“Siapa Aneta?” selidik Melati.
Biyan diam menundukkan kepala.
“Jawab, Mas.”
Biyan tergugu, isak terdengar satu per satu dengan nada pelan.
“Jangan-jangan Aneta adalah gadis yang telah kamu hamili?” tanya Melati lagi. Tangan perempuan itu sudah terkepal kuat, serasa syarat-syaraf di kepalannya menggetarkan gelombang entah apa.
“Jawab, Mas! Aneta adalah gadis yang telah kamu nodai kan?” Melati menaikkan volume suara.
“I-iya ….” Biyan mengangkat kepala perlahan, memandang Melati dengan matanya yang penuh air. Saat dia hendak meraih tubuh Melati, istrinya itu reflek menghindar. Biyan pun menutup wajah disertai menarik napas dalam. Hatinya tiba-tiba merasa sakit.
“Apa dengan begini, kamu mau menceraikan aku kan, Mel?”
Melati memandang tajam suaminya.
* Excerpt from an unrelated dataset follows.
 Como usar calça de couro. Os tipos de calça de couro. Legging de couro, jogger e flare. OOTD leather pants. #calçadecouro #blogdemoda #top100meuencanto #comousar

Perempuan itu bergeser, lalu duduk di tepian ranjang. Kini mereka telah berhadapan sejajar. Tatapan Melati masih lekat.
“Tolong ceritakan tentang Aneta,” pintanya dengan suara dingin.
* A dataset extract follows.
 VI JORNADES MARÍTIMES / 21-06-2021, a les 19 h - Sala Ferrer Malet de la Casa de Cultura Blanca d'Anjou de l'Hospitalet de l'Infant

Biyan terlihat menelan ludahnya beberapa kali. “Apa kamu beneran mau menceraikan aku, Mel?”
“Jawablah, Mas. Aku yang bertanya duluan, dan aku butuh jawaban, siapa Aneta itu? Jangan mengalihkan pembicaraan.”
“Iya, iya, Mel.” Biyan memandang Melati beberapa saat, kemudian menunduk lagi. Jakunnya terlihat naik turun. “Aneta adalah … adalah pa-pacar aku di kampung dulu. Kami memang sempat pacaran dan kebablasan, tapi waktu Aneta hamil, aku memilih kabur ke kota ini.”
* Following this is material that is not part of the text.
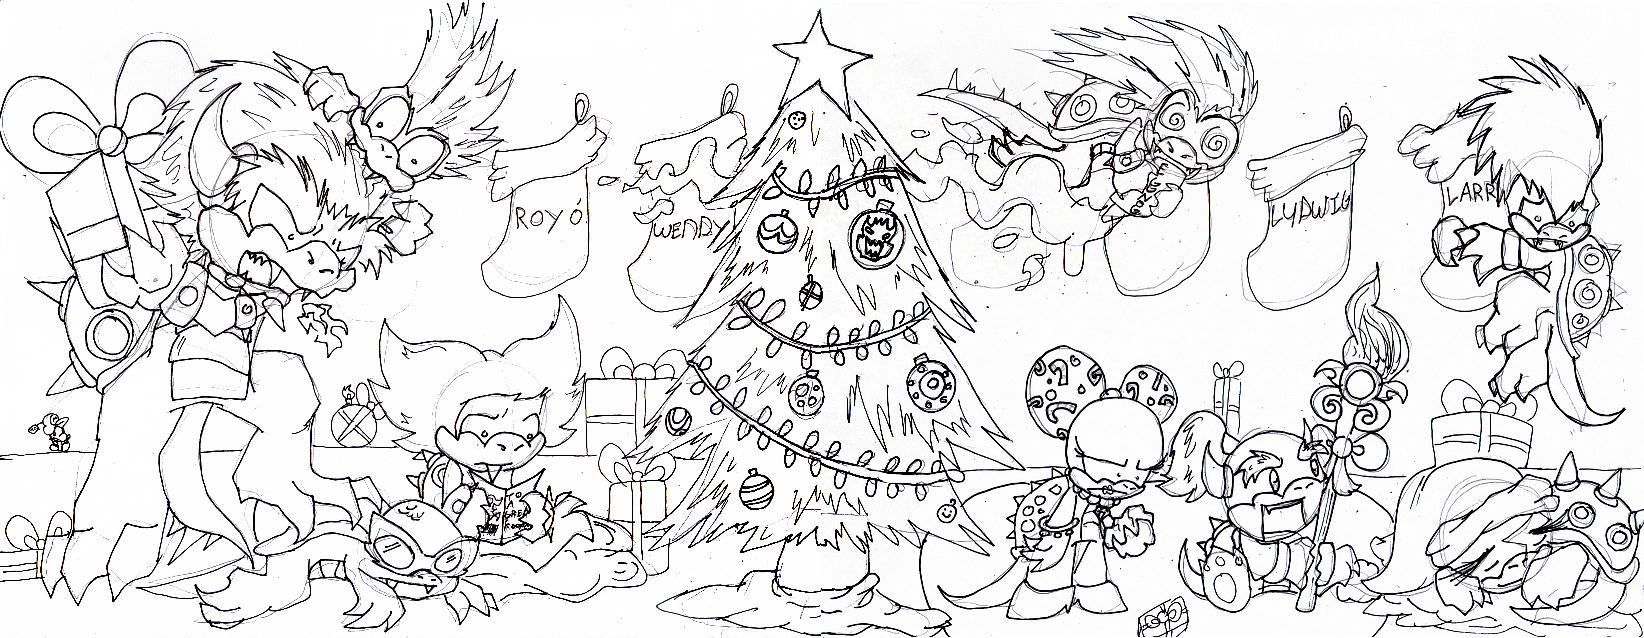 Merry Christmas Koopa Kids By Metamorro

Astafirulloh … Melati segera menghirup oksigen dengan cepat. Dadanya serasa menciut mendengar sepotong cerita itu.
Melati dan Biyan sudah kenal lama sebelum akhirnya menikah, tetapi dia tidak pernah tahu masa lalu Biyan yang ini. Melati begitu percaya bahwa Biyan adalah lelaki baik. Dari bagaimana dia bersikap selama ini, bagaimana dia memperlakukan almarhum orang tuanya dan ibunya sendiri. Namun ternyata, di balik sikap manisnya, Biyan menyimpan masa lalu yang, yah boleh dibilang, memalukan sekaligus mengerikan.
“Apa Aneta itu cinta pertamamu?” cecar Melati. Getir sekali. Bukankah kata orang, cinta pertama tidak bisa mati? Berbagai prasangka muncul begitu saja dalam pikiran Melati.
Biyan menggeleng. “Bukan, bukan, Mel. Dia bukan pacar pertama aku.”
Melati menelan ludah. Entah harus lega atau harus bagaimana? Biyan memang tampan. Kulitnya putih bersih dengan badan tegap dan senyum menawan. Tidak heran jika di masa lalunya dia punya banyak kekasih. Tidak seperti Melati yang berwajah pas-pasan.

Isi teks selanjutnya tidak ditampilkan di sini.